(Listed entries)
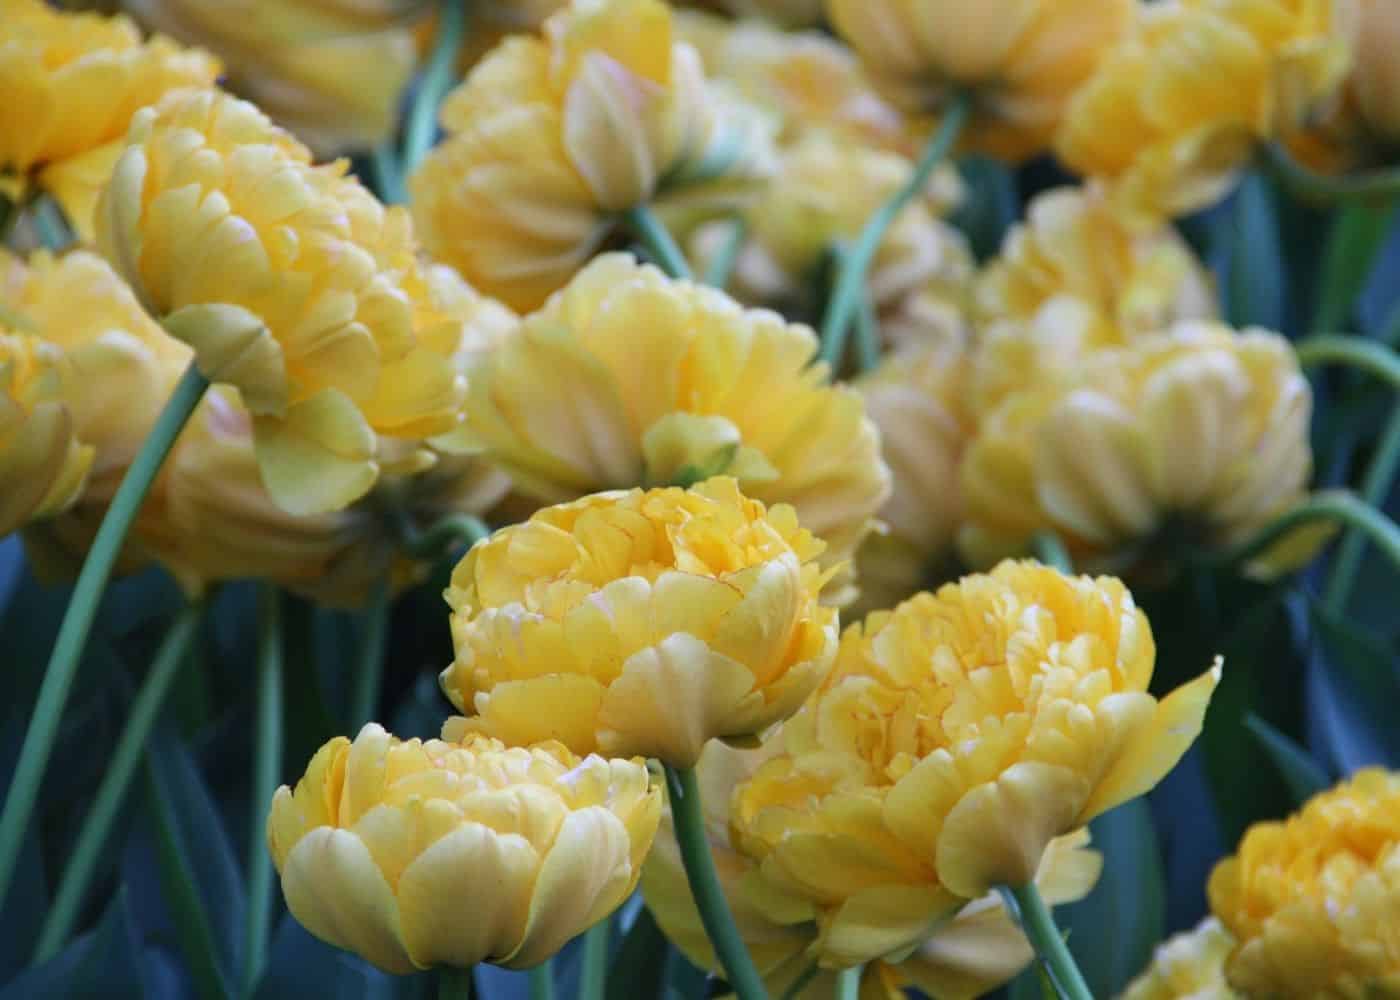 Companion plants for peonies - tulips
(End Listed entries)
(Listed entries)
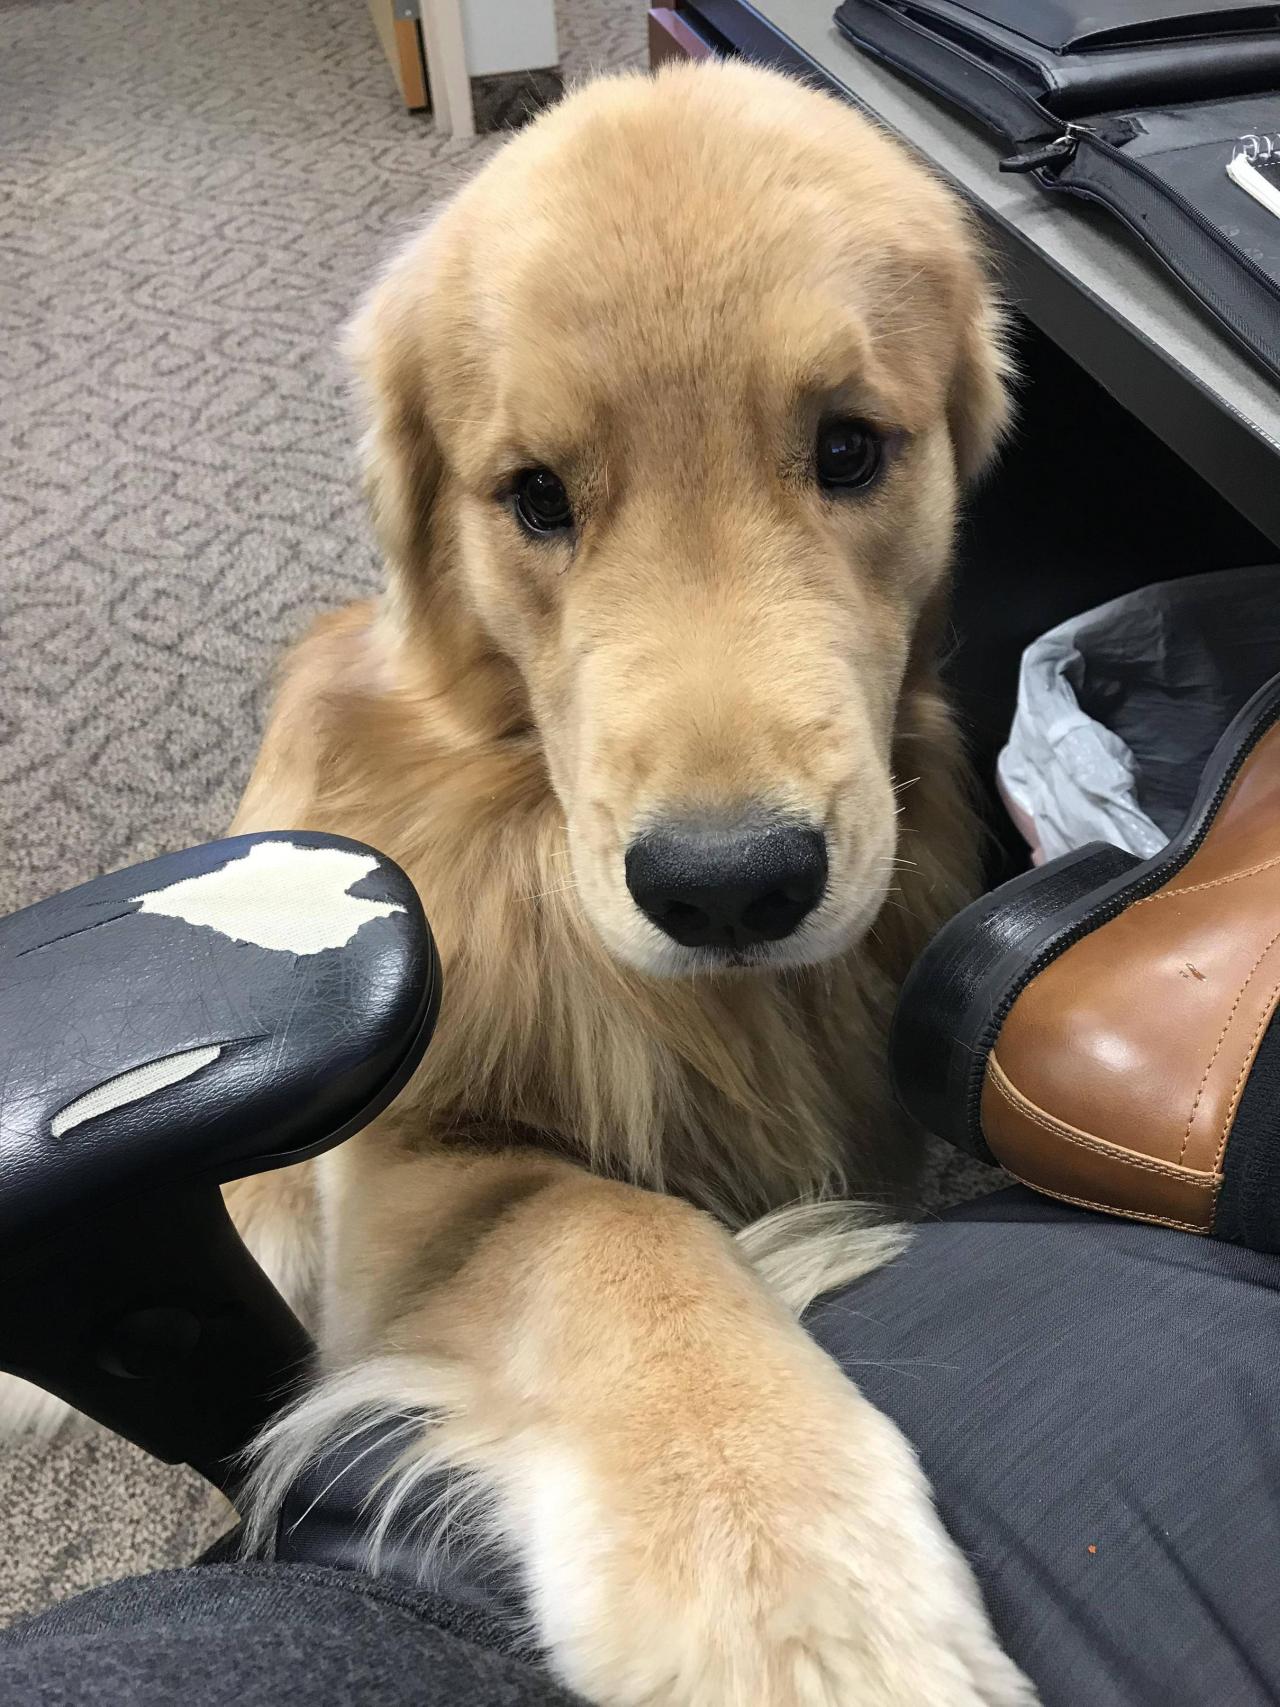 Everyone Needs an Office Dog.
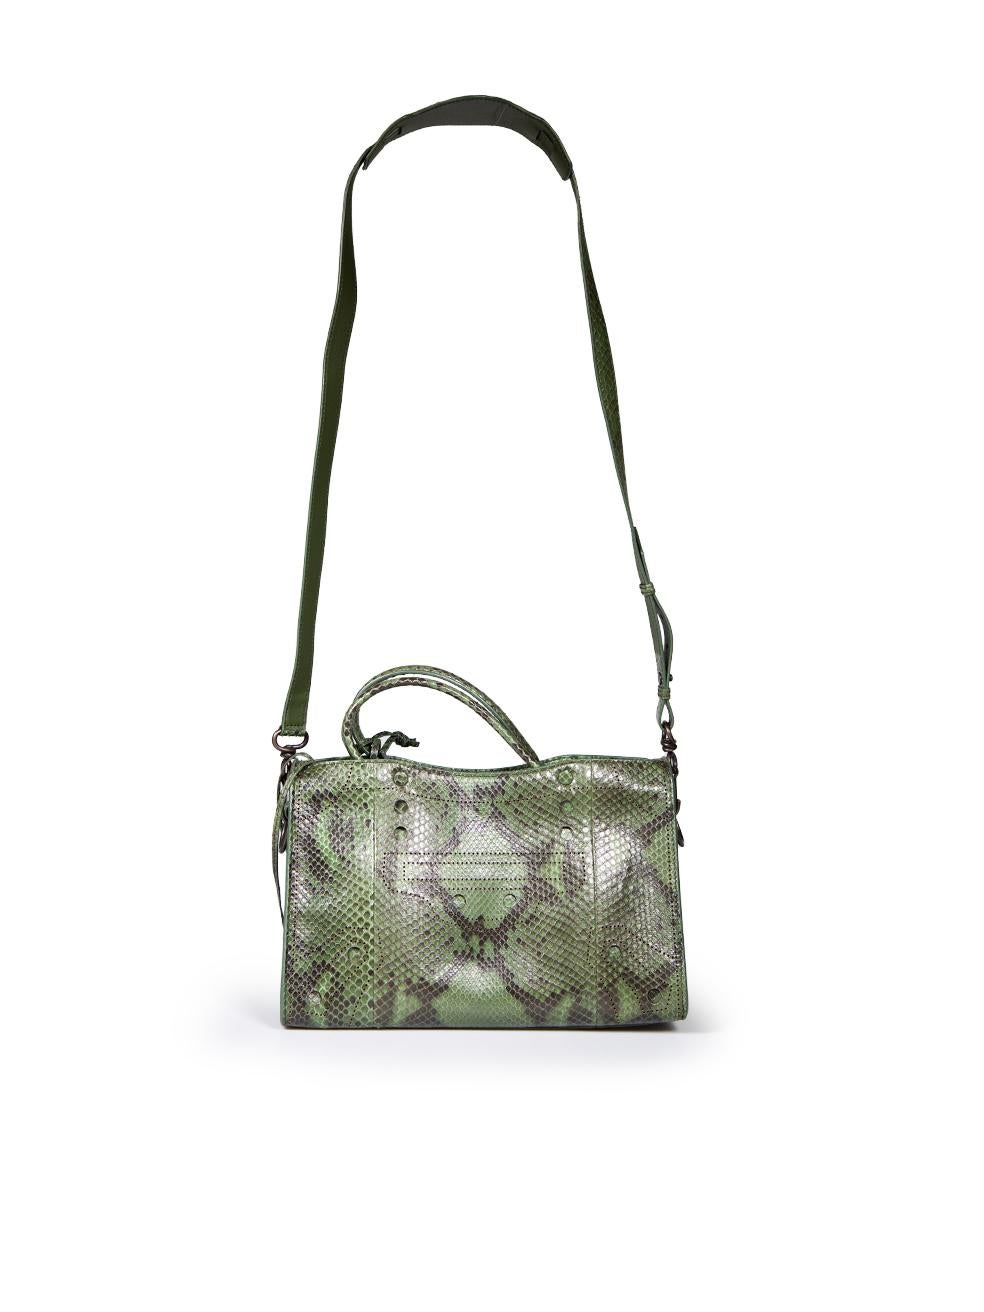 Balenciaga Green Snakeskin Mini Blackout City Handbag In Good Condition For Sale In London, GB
(End Listed entries)
Print from the line containing "Everyone Needs an Office Dog." through the line containing "Balenciaga Green Snakeskin" in the data above, exactly as the lines stand, and omit every picture.

Answer space:
 Everyone Needs an Office Dog.
 Balenciaga Green Snakeskin Mini Blackout City Handbag In Good Condition For Sale In London, GB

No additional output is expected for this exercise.